The Orc saw what was happening and was very confused. A few minutes ago it’d been asleep, and now the goblins were literally being struck down by the sky itself. The Orc did what it did best and took another step towards the frail looking, crazy old human, brandishing his freshly bloodied blade. The old human looked at it and laughed. Laughed! Well he’d not be laughing once the Orc got his claws on him, crazy old fool. The Orc needed to kill something else, and the old man would do. The Orc took one more step and everything went suddenly blank.
Gradually the sounds of fire subsided and the “plink plink” of cooling stone indicated it was safe to look up. Gwen saw that Cloydor stood with a huge megalith buried in the ground in front of him that wasn’t there before. He was painting a symbol on it. Funny, Gwen didn’t remember him having painting equipment with him. She got up to and went to have a look and nearly retched as she realised it was one of the Orcs arms he was using for a brush. He was painting with the Orcs blood, pooling from the half exposed body that was very much pulverised by the stone. Vivid green goo against the light grey stone streaked with dark burns. Looking anywhere but there, she also saw that Teric had a goblin wrapped up in rope and was poking it with a stick shouting various nasty things at it. She headed towards him. “Why haven’t you killed him?” she croaked, “That’s not like you.”
“Erm, I thought I would do some information gathering,” he muttered shiftily. He was lying; they both knew that Teric was going to roast and eat the gobbo, but it sounded good. “Anyway, as it turns out, there is a huge gathering of the forces of darkness or some such crap, happening right in our path to get to the Far Tower.” He giggled. “Looks like you are going to have to get a bit better at swinging your bow before we move out!”
This was not the news Gwen wanted. She turned round though, as Bogdan was shouting again, but this time at Cloydor.

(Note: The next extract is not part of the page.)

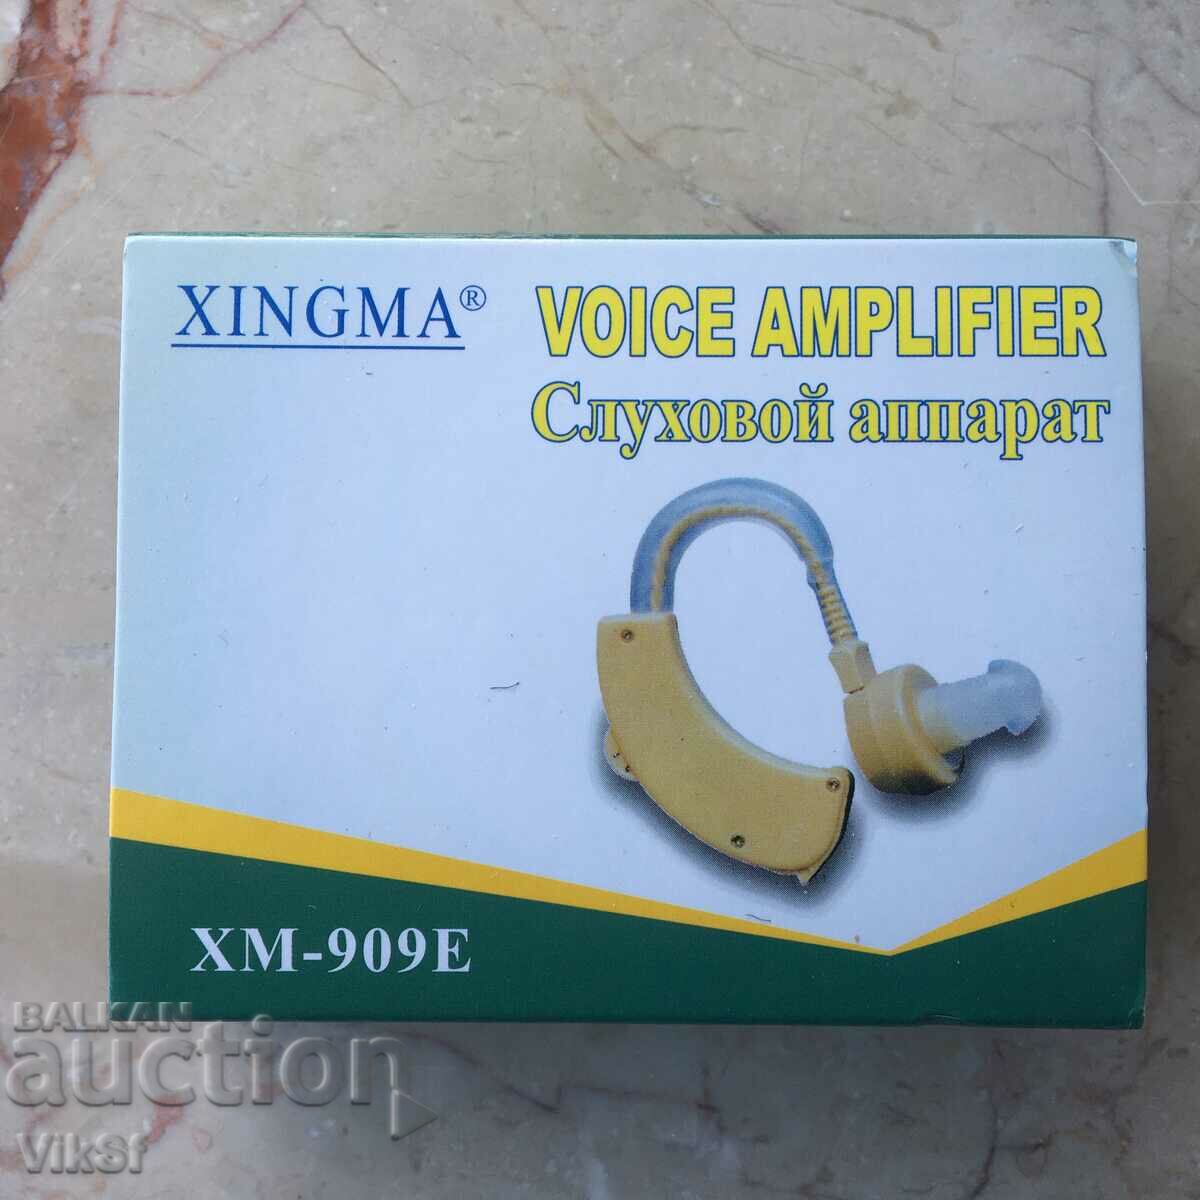 Υψηλής ποιότητας ακουστικό βαρηκοΐας Xm-909e
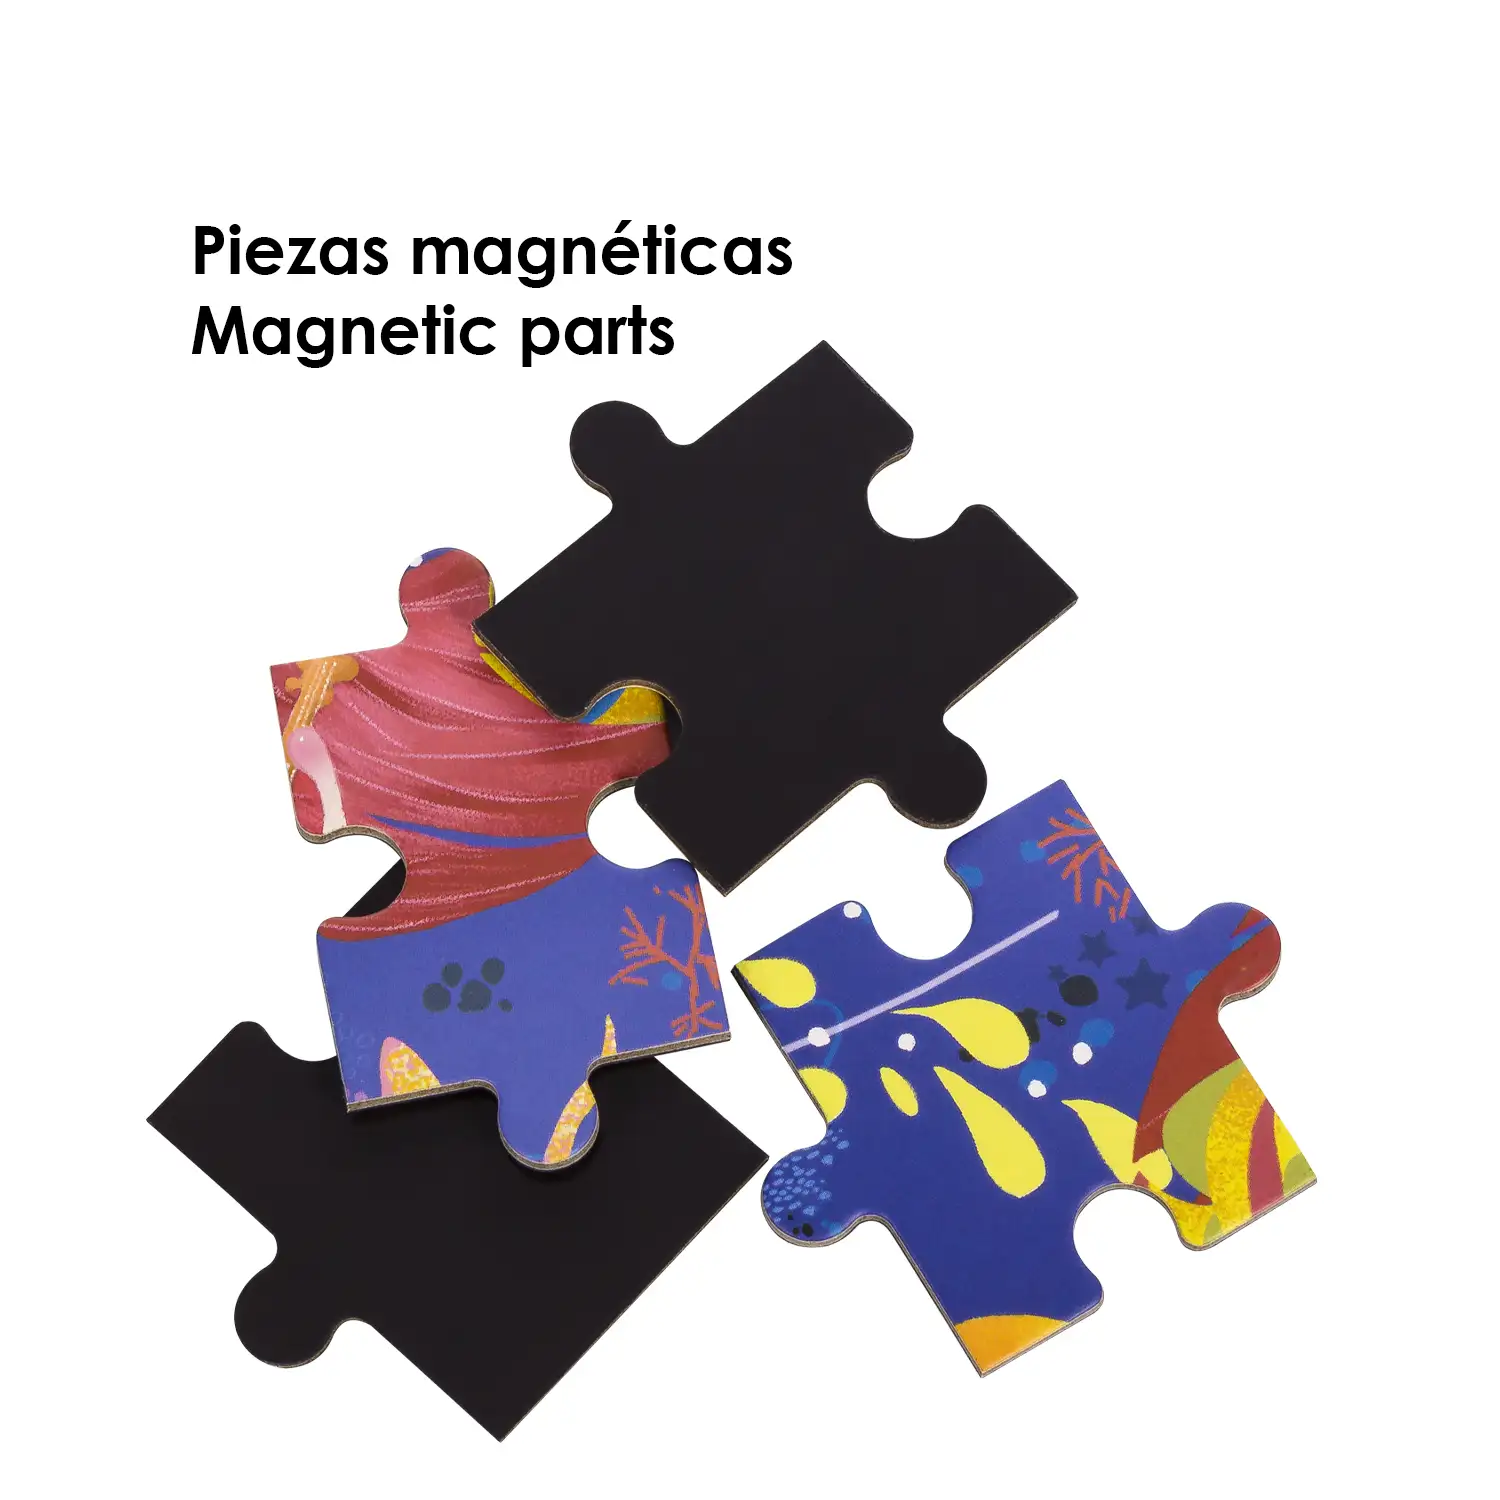 Puzle diseño Un Cuento de Hadas de 40 piezas magnético. Formato tipo libro, 2 puzzles de 20 piezas en 1.

She noticed Bogdan was holding his side together, and the back of his leg was smouldering from a rock that had hit him.
“Why for all the little green apples held in this kingdom, didn’t you think to warn us?!?” Bogdan was pretty incandescent already, his anger at the wizard the only thing keeping him upright.
“Well, I did actually warn you.” The mage stammered out under the onslaught of a viciously pointing finger.
“Just shouting ‘get down’ is not an adequate warning, you daft old fool!!!” Bogdan shouted, inches away from Cloydors face, forcing the old guy to stumble back.
“Look, we won didn’t we?” Cloydor stammered as he continued stumbled back, avoiding puddles of goblin. “No harm done, no injuries as such and I also got to practise a quick curse on that stone.” He pointed to the blood-daubed monolith. “It will be interesting to see if that holds,” he babbled.
It was all too much now for Bogdan, whose arm was wheeling back for a bit of a punch, but Gwen caught his fist and said, “All is well, really, considering, don’t you think?” She was using her best calm voice, even though today had been a bit trying already. “Let’s just patch you up and have breakfast whilst we work out how the hells we are going to make it to the Far tower in one piece. Oh, and get back again too, that’s quite important.”
She sighed and reached for her healing pack.